Would that I could be the peacemaker in your soul, that I might turn the discord and the rivalry of your elements into oneness and melody.
But how shall I, unless you yourselves be also the peacemakers, nay, the lovers of all your elements?

Your reason and your passion are the rudder and the sails of your seafaring soul.
If either your sails or your rudder be broken, you can but toss and drift, or else be held at a standstill in mid-seas.
For reason, ruling alone, is a force confining; and passion, unattended, is a flame that burns to its own destruction.
Therefore let your soul exalt your reason to the height of passion, that it may sing;
And let it direct your passion with reason, that your passion may live through its own daily resurrection, and like the phoenix rise above its own ashes.

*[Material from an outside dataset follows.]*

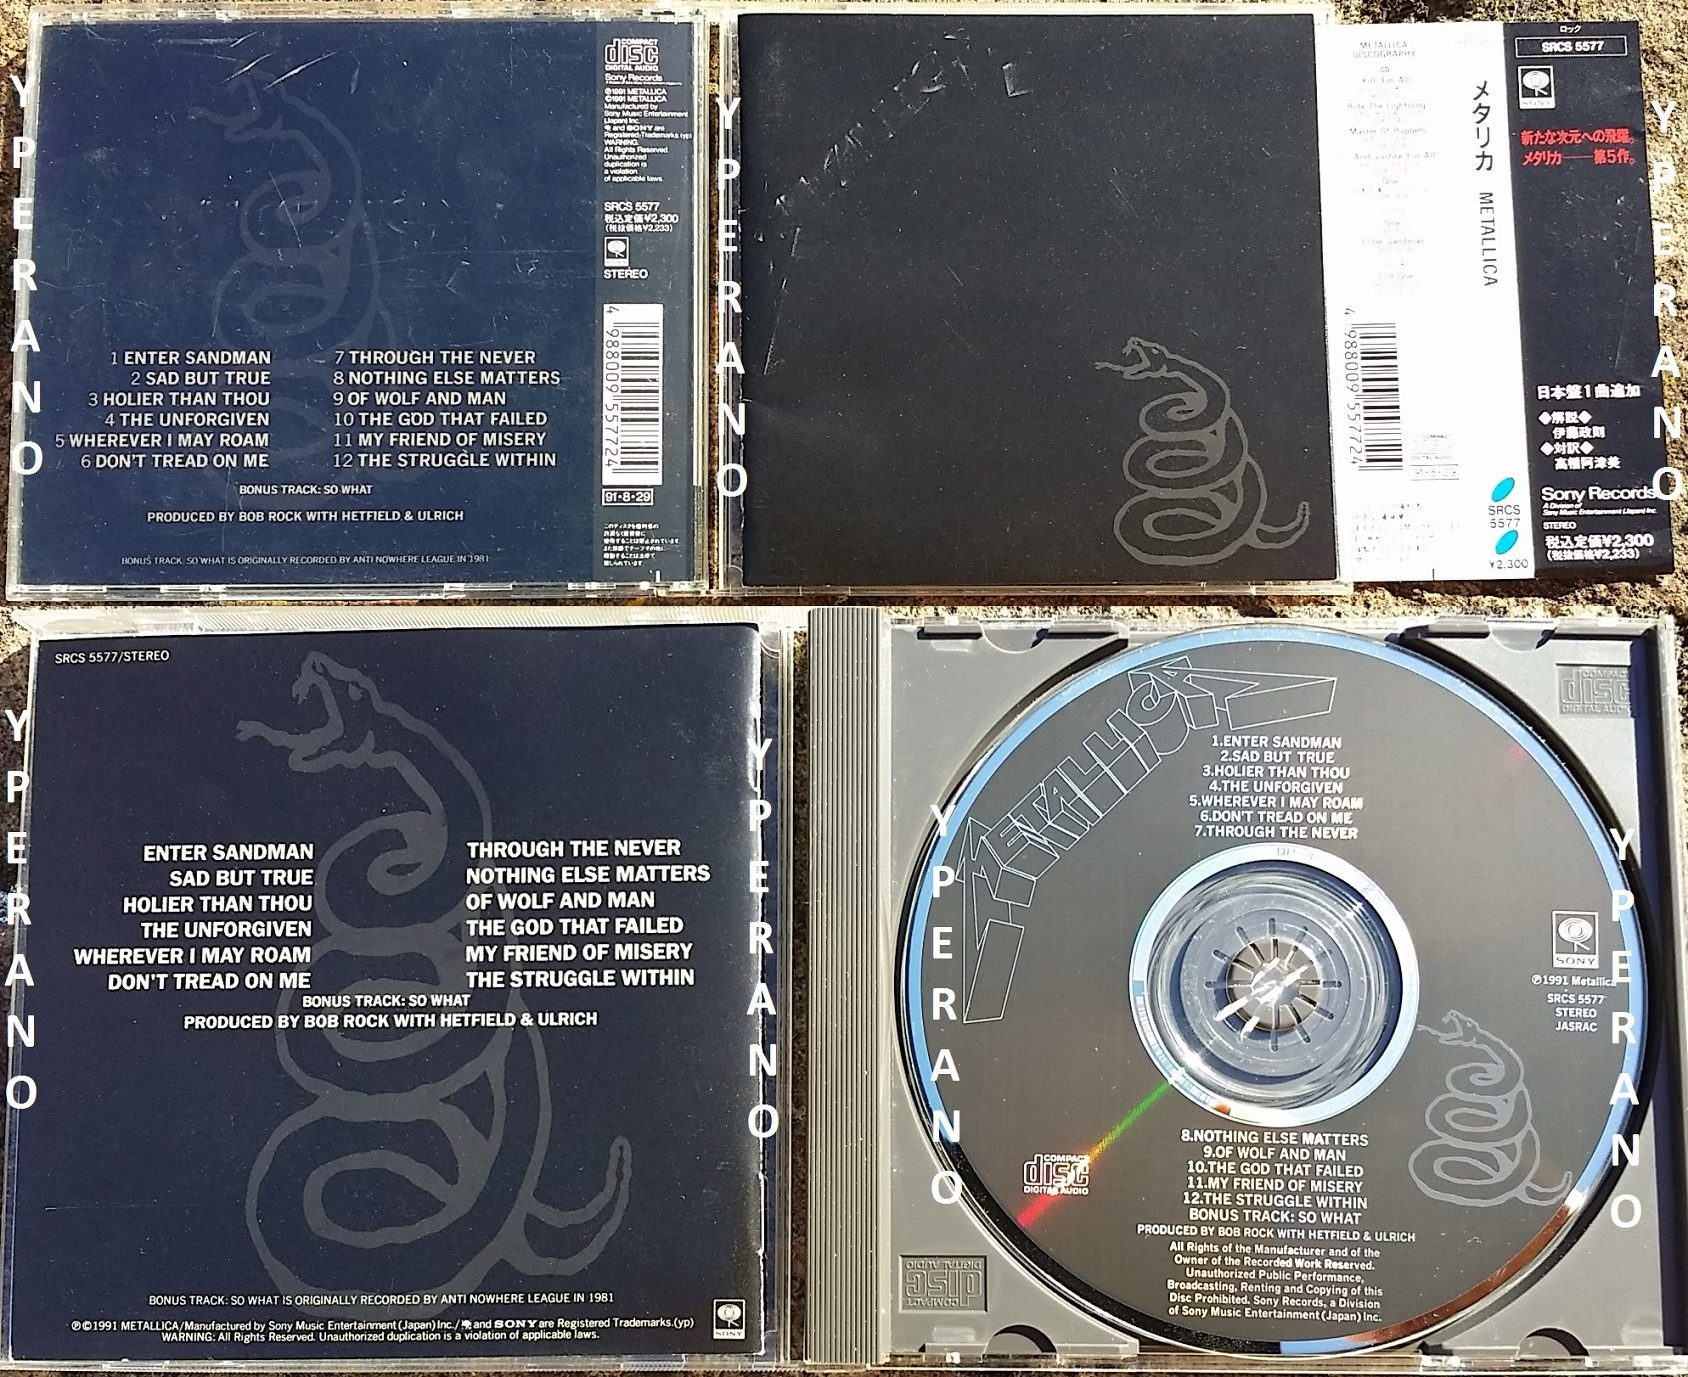 https://yperano.com/wp-content/uploads/2016/03/METALLICA-Metallica-Black-album-s.t-CD-Japanese-1991-1-rotated-e1646218914423.jpg

I would have you consider your judgement and your appetite even as you would two loved guests in your house.
Surely you would not honour one guest above the other; for he who is more mindful of one loses the love and faith of both.

Among the hills, when you sit in the cool shade of the white poplars, sharing the peace and serenity of distant fields and meadows–then let your heart say in silence, “God rests in reason.”
And when the storm comes, and the mighty wind shakes the forest, and thunder and lightening proclaim the majesty of the sky,–then let your heart say in awe, “God moves in passion.”
And since you are a breath in God’s sphere, and a leaf in God’s forest, you too should rest in reason and move in passion.

The Prophet was originally published in 1923, and has since been in hardback publication into over 40 languages. You can find the full text on several open sites dedicated to the sharing of public domain works, like here at Project Gutenberg Australia.